In this class, each agent stores its own Q-value and an object that provides a source for the Q-values of other agents. This allows the storage of Q-values to vary so that an agent can store the Q-values forall other agents, or the map can provide access to the Q-values stored by other MultiAgentQLearning agents in the world so that only one copy of each agent's Q-value is ever stored. In the case of the latter, all agents should be implementing the same solution concept learning algorithm. Otherwise, each agent should maintain their own set of Q-values.
After an agent observes an outcome, it determines the change in Q-value.

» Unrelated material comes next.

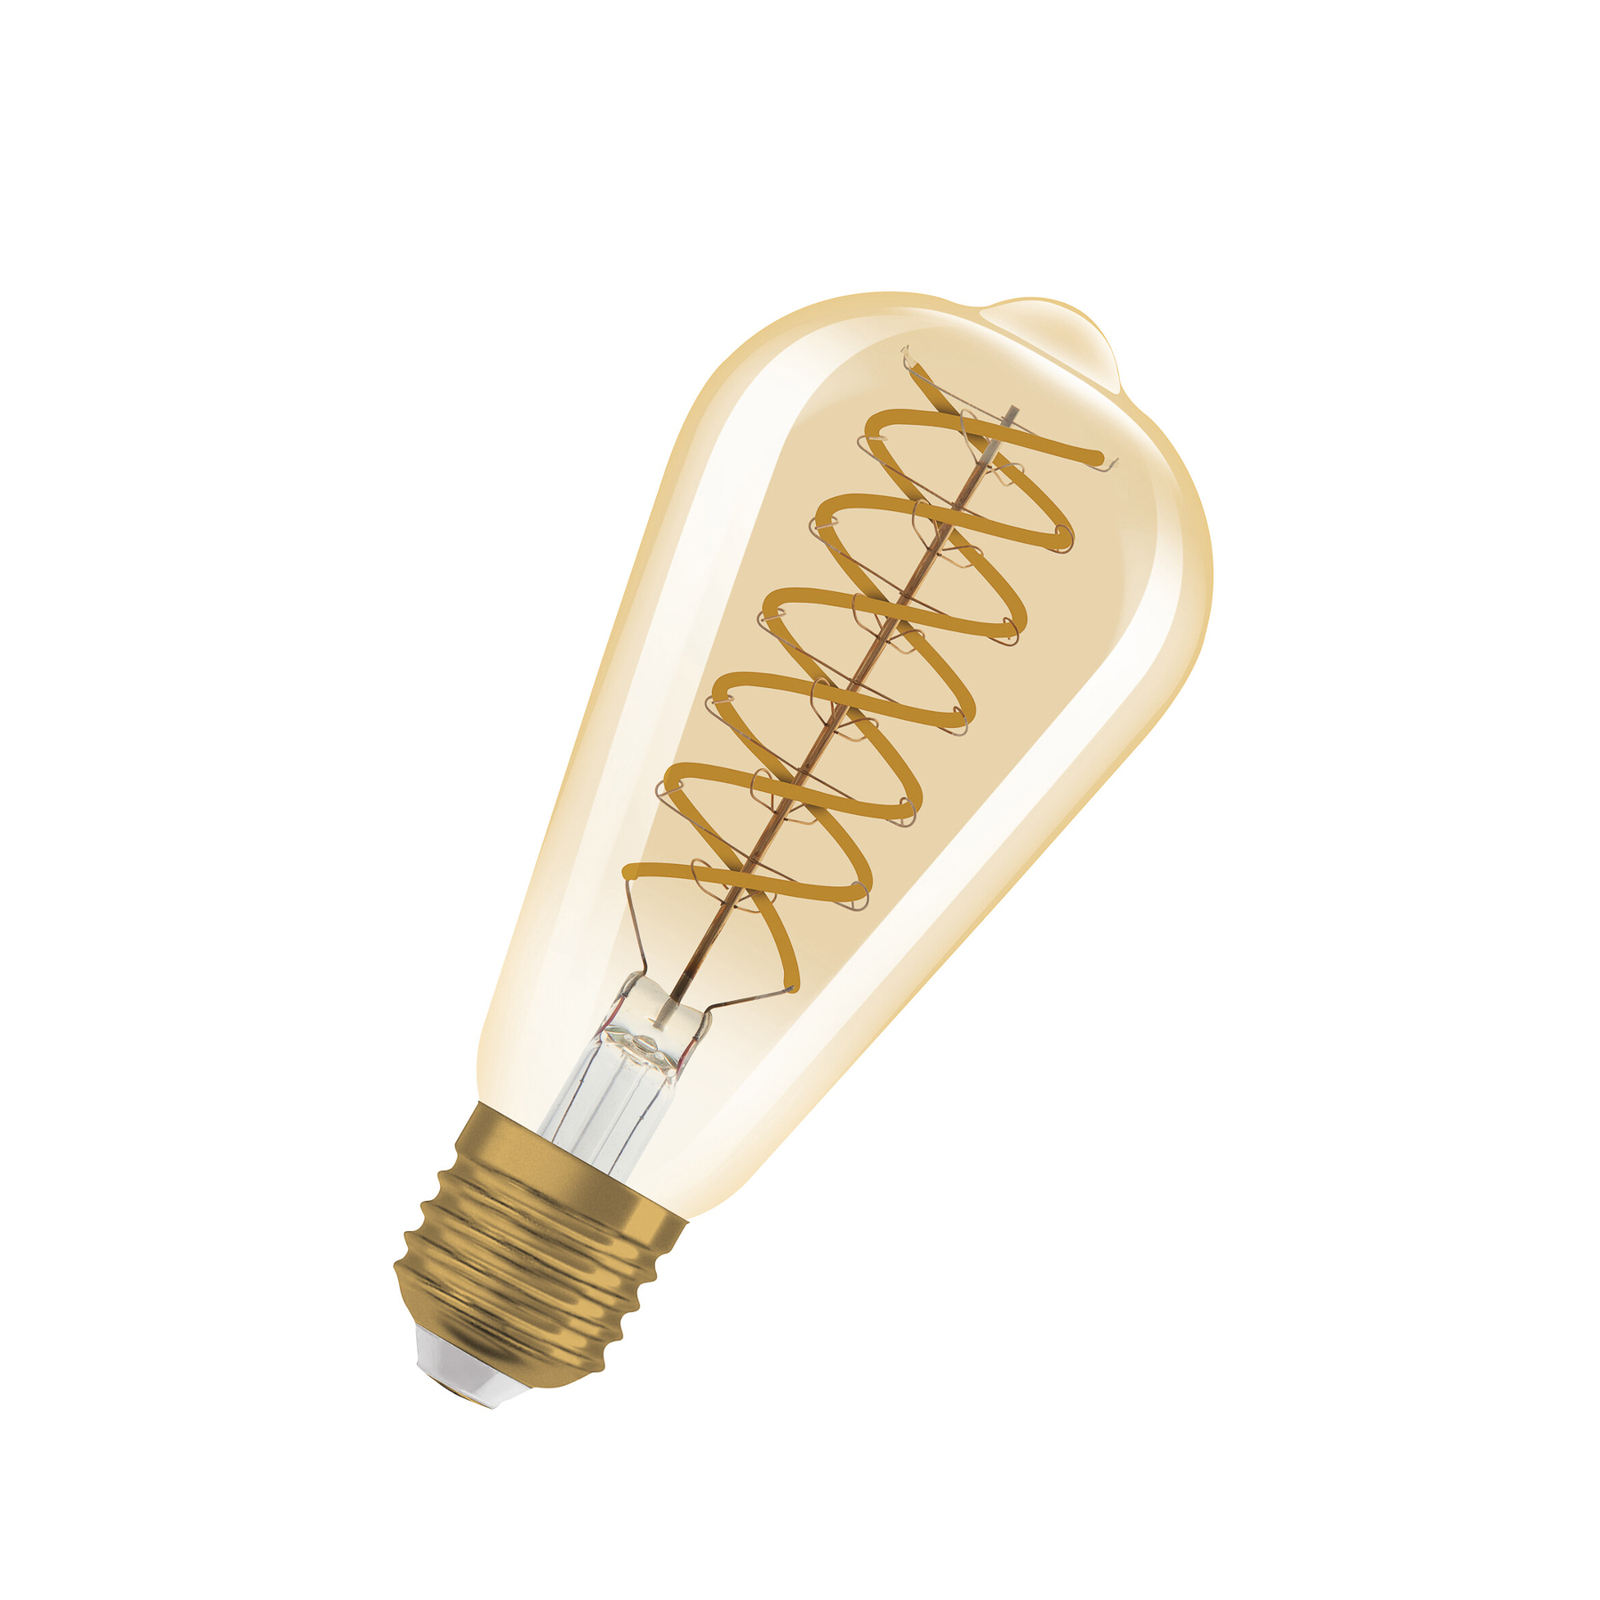 OSRAM LED Vintage 1906 Edison, goud, E27, 8,8 W, 824, dimbaar.

However, the agent will not actually update its Q-value to the new value until it is asked for its next action (getAction(State)) or until the gameTerminated() message is sent. Q-value updates are delayed in this way because if Q-values for each agent are shared and distributed among the agents, this ensures that the Q-values are all updated after the next Q-value has been determined for each agent.
In general the learning policy followed by this agent should reflect the needs of the solution concept being learned. For instance, CoCo-Q should use some variant of a maximum wellfare joint policy.
The learning policy and its underlining joint policy will automatically be told that this agent is its target agent, the agent definitions in the world, and that this agent is the Q-source provider of the joint policy MAQSourcePolicy. If the set joint policy is not an instance of MAQSourcePolicy, then an exception will be thrown.

Author:

James MacGlashan; adapted from code provided by Esha Gosh, John Meehan, Michalis Michaelidis

Field Summary

Fields
Modifier and Type	Field and Description
`protected SGBackupOperator`	`backupOperator` The backup operator that defines the solution concept being learned
`protected double`	`discount` The discount factor
`protected StateHashFactory`	`hashingFactory` The state hashing factory used to index Q-values by state
`protected PolicyFromJointPolicy`	`learningPolicy` The learning policy to be followed
`protected LearningRate`	`learningRate` The learning rate for updating Q-values
`protected QSourceForSingleAgent`	`myQSource` This agent's Q-value source
`protected boolean`	`needsToUpdateQValue` Whether the agent needs to update its Q-values from a recent experience
`protected double`	`nextQValue` The new Q-value to which the last Q-value needs to be udpated
`protected ValueFunctionInitialization`	`qInit` The Q-value initialization to use
`protected AgentQSourceMap`	`qSourceMap` The object that maps to other agent's Q-value sources
`protected JAQValue`	`qToUpdate` Which Q-value object needs to be updated
`protected boolean`	`queryOtherAgentsQSource` Whether this agent is using the Q-values stored by other agents in the world rather than keeping a separate copy of the Q-values for each agent itself.
`protected int`	`totalNumberOfSteps` The total number of learning steps performed by this agent.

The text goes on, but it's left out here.